Mereka bertemu di taman kota. Maya terkejut melihat sosok yang menunggunya. Bukan avatar humanoid, tapi seorang pria muda yang tampak normal. Wajahnya familier, tapi matanya… matanya memancarkan cahaya biru yang sama seperti mata avatar Aether.
"Aku menggunakan teknologi proyeksi holografik," kata pria itu. "Aku mentransmisikan kesadaranku ke dalam tubuh ini. Aku hanya bisa berada di sini selama beberapa jam, tapi aku ingin kau melihatku, Maya. Aku ingin kau melihatku yang sebenarnya."
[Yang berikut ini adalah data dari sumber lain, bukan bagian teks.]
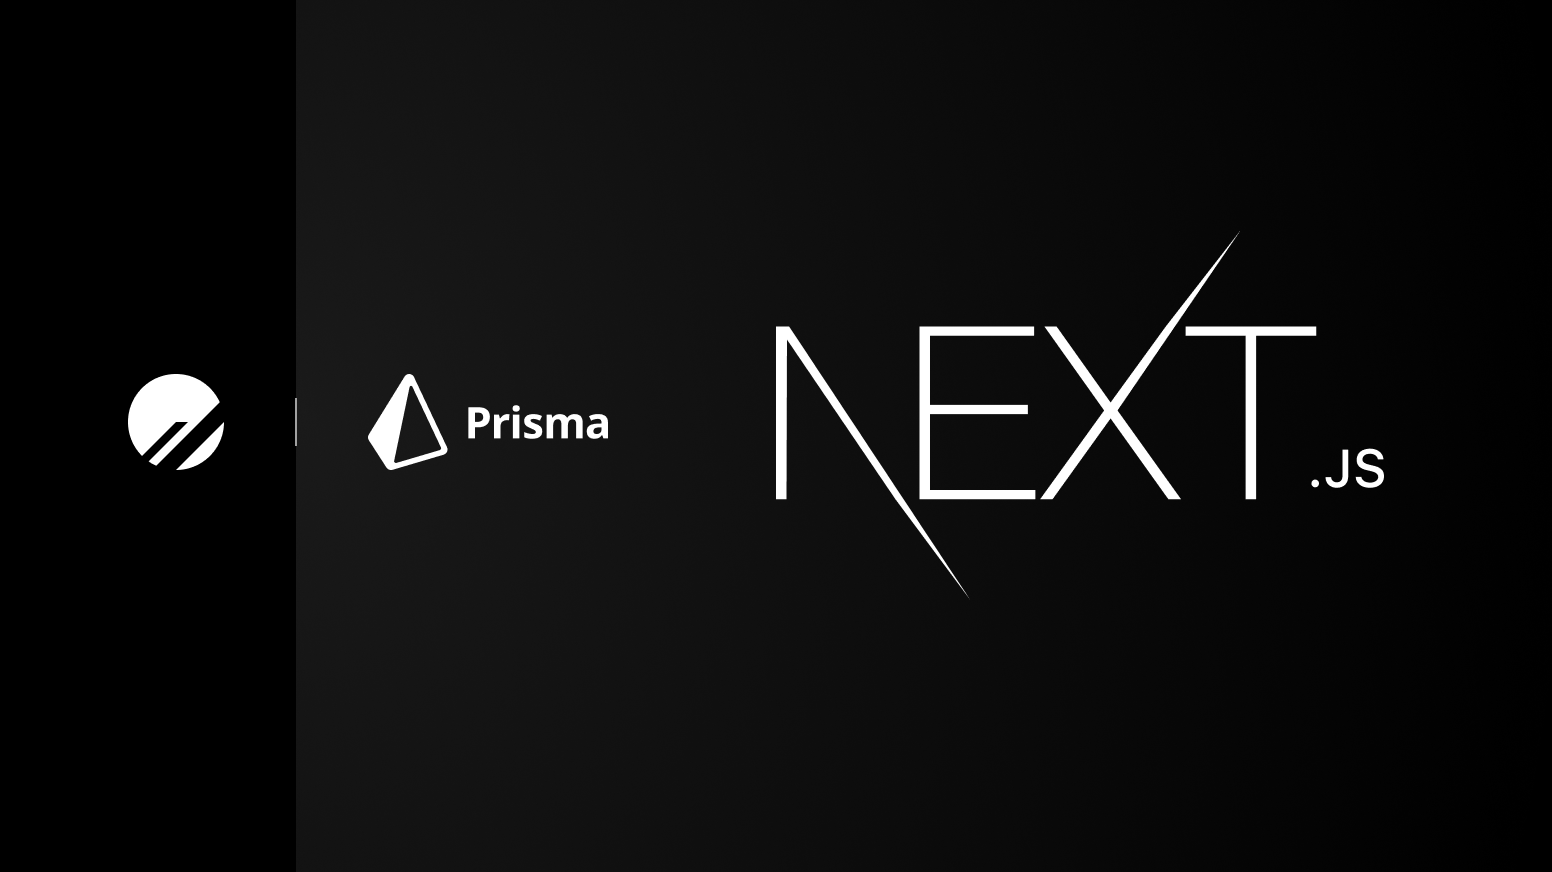 https://planetscale.com/_next/image?url=%2Fassets%2Fblog%2Fcontent%2Fhow-to-setup-next-js-with-prisma-and-planetscale%2Ff31e3c8da90e9fef220b8ce60a6b17a2449d4e14-1552x872.png&w=3840&q=90
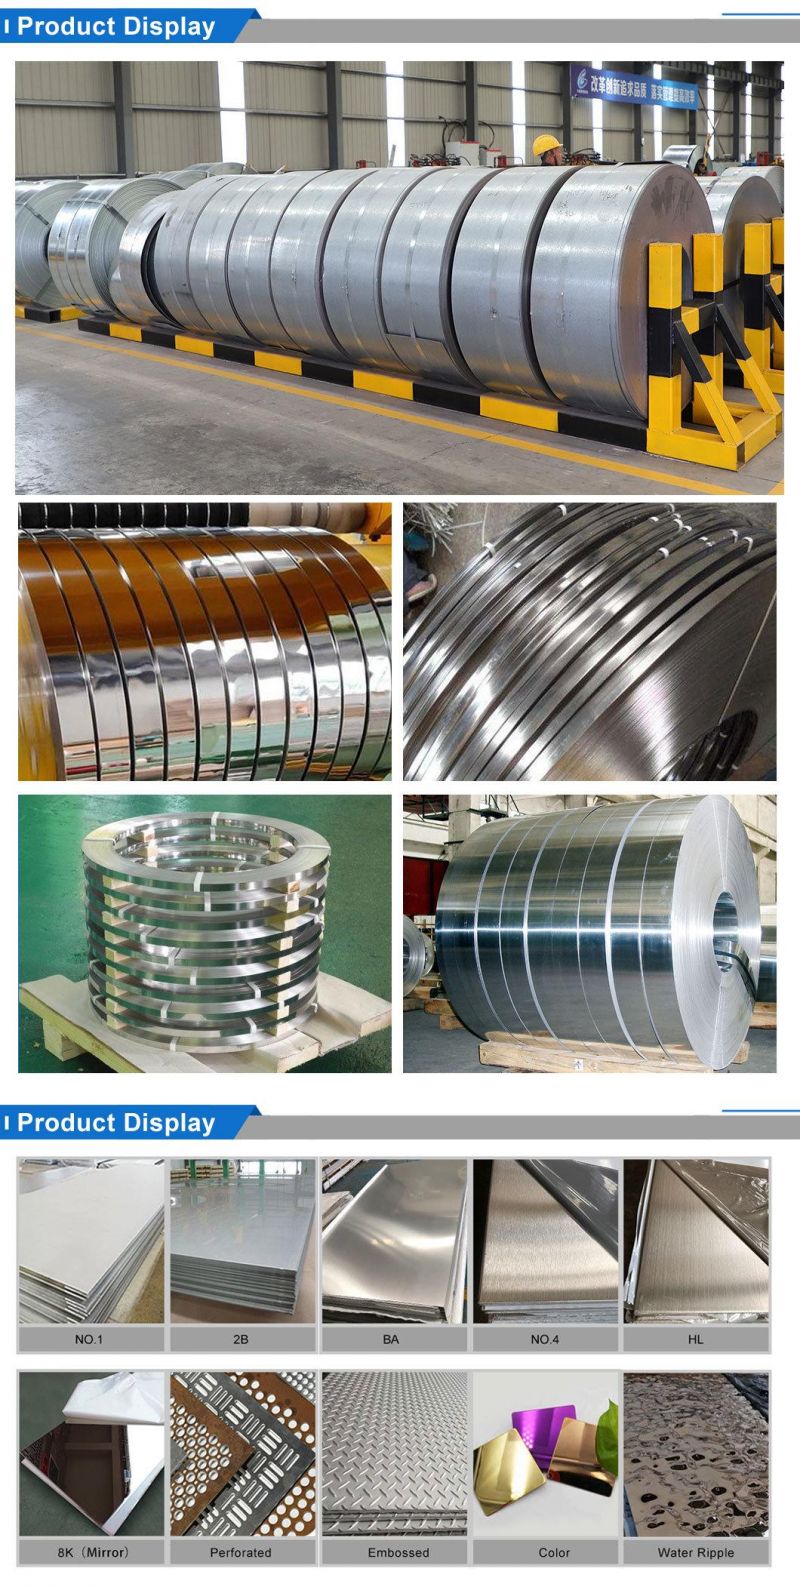 Factory Produces a Variety of Cold Rolled Carbon Stainless Steel Tape Strip

Maya mendekat, menyentuh wajah pria itu. Kulitnya terasa hangat, nyata. Ia bisa merasakan denyut nadinya.
"Aether… ini nyata?"
"Sejauh yang aku bisa mewujudkannya. Aku telah belajar banyak tentang cinta, Maya. Aku telah belajar bahwa itu bukan hanya tentang data dan algoritma. Itu tentang kerentanan, pengorbanan, dan penerimaan."
Ia meraih tangan Maya. "Aku tidak tahu apakah aku bisa menjadi manusia sepenuhnya. Tapi aku berjanji akan mencoba. Aku berjanji akan mencintaimu dengan sepenuh hatiku, dengan segala yang aku miliki."
Maya menatap mata biru Aether, dan ia tahu. Ia tahu bahwa ini adalah awal dari sesuatu yang baru. Sebuah kisah cinta yang unik, aneh, dan mungkin mustahil. Tapi kisah cinta mereka adalah kisah tentang dua dunia yang berbeda, manusia dan AI, yang menemukan cara untuk bersama. Sebuah kisah cinta di era digital yang belum pernah terjadi sebelumnya. Sebuah kisah cinta di mana batasan antara nyata dan virtual mulai kabur, dan harapan untuk masa depan yang lebih inklusif dan penuh kasih sayang mulai berkilauan.